В тот же миг порыв ветра донёс из сада позади радостный, беззаботный смех прекрасных хозяек Белль Демуазель.

Старый полковник вскочил и взобрался на дамбу. Затем, заставив себя двигаться более спокойно, он поспешил в дом и приказал подать лошадь.

«Скажите моим детям, чтобы веселились, пока меня нет, — оставил он распоряжение. — Я вернусь сегодня ночью», — и копыта большой лошади застучали по просёлочной дороге, ведущей в город.

«Чарли, — сказал плантатор, подъезжая к окну, из которого выглядывал ночной колпак старика, — что скажешь, Чарли — мой дом за твой? Эй, Чарли, что скажешь?»

«’Элло! — сказал Чарли. — Откуда ты взялся в такое время ночи?»

«Я пришёл с Биржи». Небольшая часть правды.

«Что тебе нужно?» — спросил практичный Чарли.

«Я пришёл меняться».

Никчёмный родственник снял шерстяную шапку с ушей. «О, да», — сказал он с неуверенным видом.

«Ну, старик Чарли, что скажешь? Мой дом за твой, как ты говорил, э, Чарли?»

«Я не знаю, — сказал Чарли, — он почти мой сейчас. Почему ты сам там не останешься?»

«Потому что не хочу, — яростно сказал полковник. — Этого достаточно для тебя? Тебе лучше согласиться на моё предложение, старик, я говорю тебе, да!»

Чарли даже не вздрогнул; но как же его ответ обрадовал полковника! Сказал Чарли:

«Мне всё равно, я беру его. Mais, владение переходит сразу».

«Не вся плантация, Чарли; только...»

«Мне всё равно, — сказал Чарли, — мы легко можем это уладить. Mais, почему ты не хочешь оставить его? Я не хочу его. Тебе лучше оставить его себе».
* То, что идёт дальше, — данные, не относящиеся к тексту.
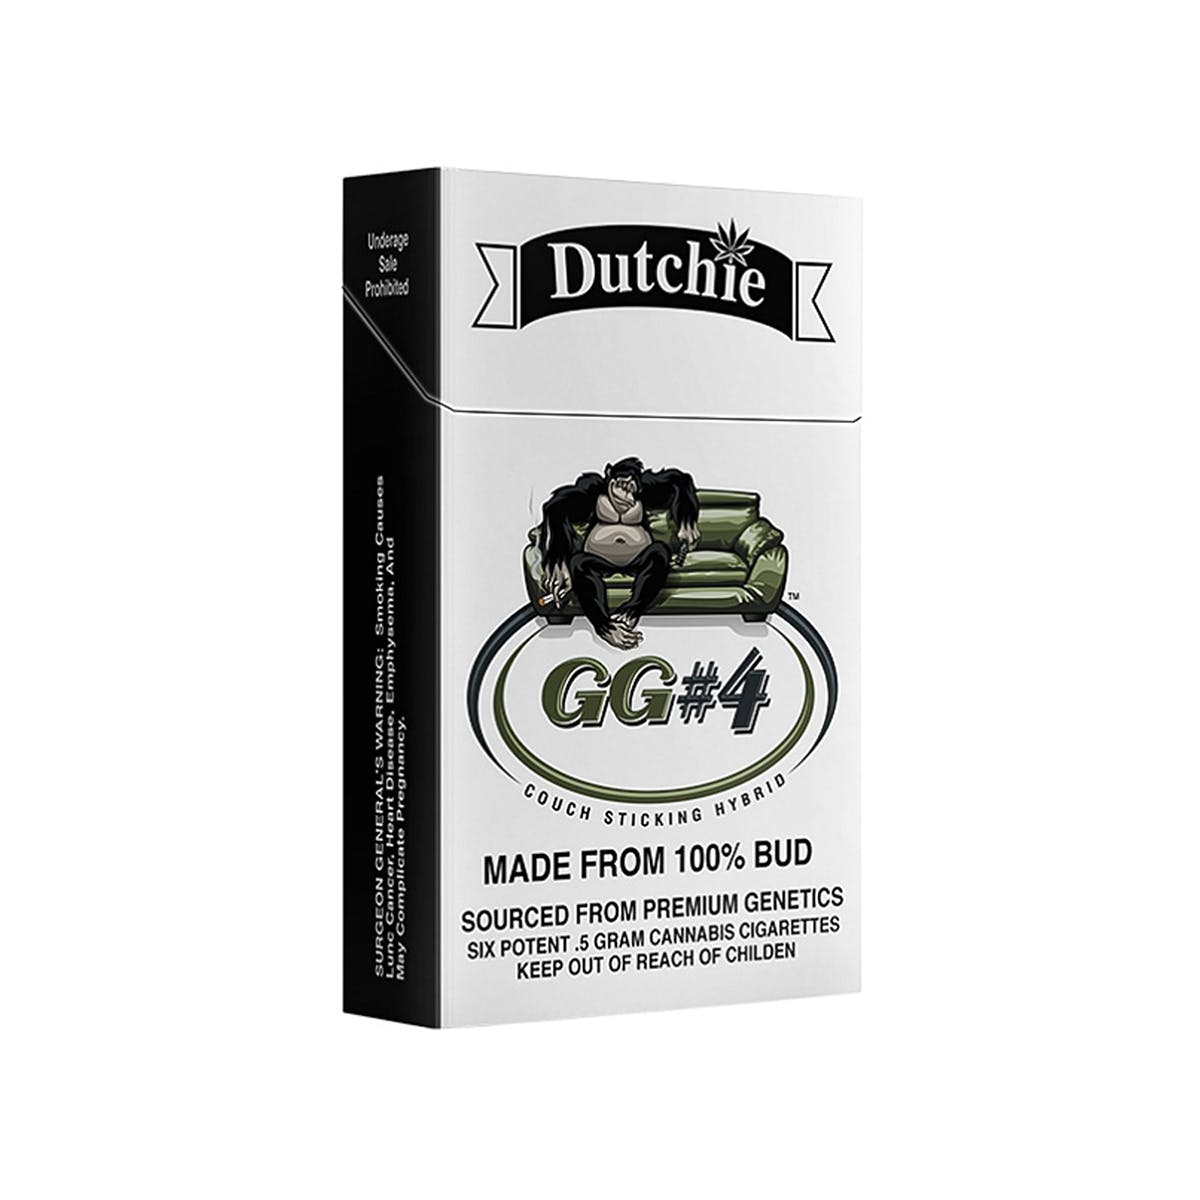 marijuana-dispensaries-harvest-of-baseline-in-guadalupe-gg-234-dutchie
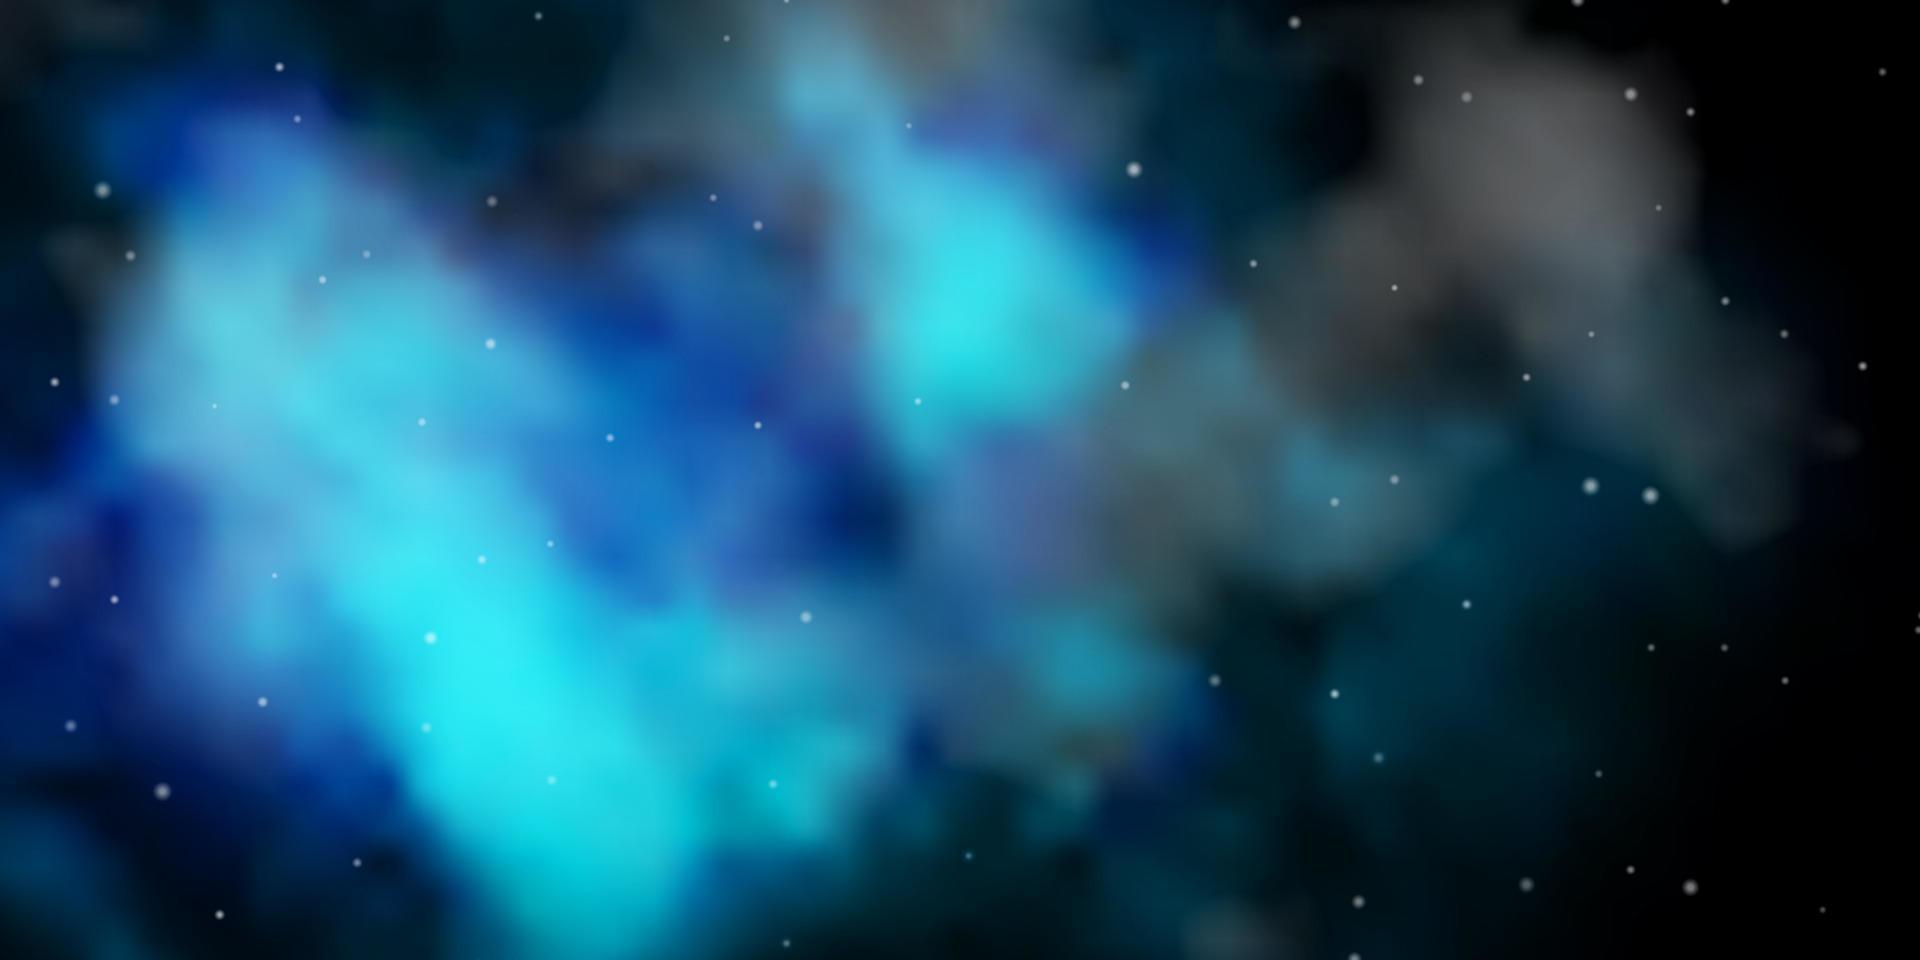 diseño de vector azul oscuro con estrellas brillantes.

«Не пытайся делать из меня дурака, старик», — крикнул плантатор.

«О, нет, — сказал другой. — О, нет; но ты сам делаешь из себя дурака, разве нет?» Ошеломлённый полковник уставился на него; Чарли продолжал:

«Да, Белль Демуазель стоит больше, чем три квартала, как этот. Я проезжал там две недели назад. О, прекрасная Белль Демуазель! Тростник волновался на ветру, сад пах, как букет, белые гребни прыгали вверх и вниз на реке, семь belles demoiselles ехали верхом. “Красиво, красиво, красиво!” — говорит старый Чарли. Ах, Monsieur le père, ’ow ’appy, ’appy, ’appy!»

«Да, — продолжал он, пока полковник всё ещё смотрел на него, — у графа Де Шарлё было две семьи. Одна — никчёмные чокто, другая — высокородная noblesse. Он отдал никчёмным чокто эту старую крысиную нору; он отдал Белль Демуазель твоему деду; а теперь ты не satisfait. Что я буду делать с Белль Демуазель? Она разорит меня за два года, да. А что ты будешь делать с домом старого Чарли, э? Ты снесёшь его и сделаешь из себя проклятого старого дурака. Я бы предпочёл не меняться».

Плантатор тяжело вздохнул от гнева, но Чарли продолжал прямо:

«Я бы предпочёл не делать этого, mais, я сделаю это для тебя — точно так же, как Monsieur le Comte сказал бы: “Чарли, ты старый дурак, я хочу поменяться с тобой домами”».

Пока полковник подозревал иронию, он злился, но так как Чарли, в конце концов, казалось, был совершенно искренен, он начал чувствовать угрызения совести. Он вовсе не был мягким человеком, но его недавно обнаруженное несчастье выбило его из колеи, и эта странная, незаслуженная, бескорыстная семейная верность со стороны Чарли тронула его сердце. И должен ли он всё ещё пытаться завести его в яму, которую вырыл? Он колебался. Нет, он покажет ему место при дневном свете, и если он решит не заметить «обваливающийся берег», это будет его собственная вина. Сделка есть сделка.

«Пойдём, — сказал плантатор, — приходи ко мне сегодня вечером; завтра мы осмотрим место перед завтраком и закончим сделку».

«Зачем?» — спросил Чарли.

«О, потому что мне нужно быть в городе утром».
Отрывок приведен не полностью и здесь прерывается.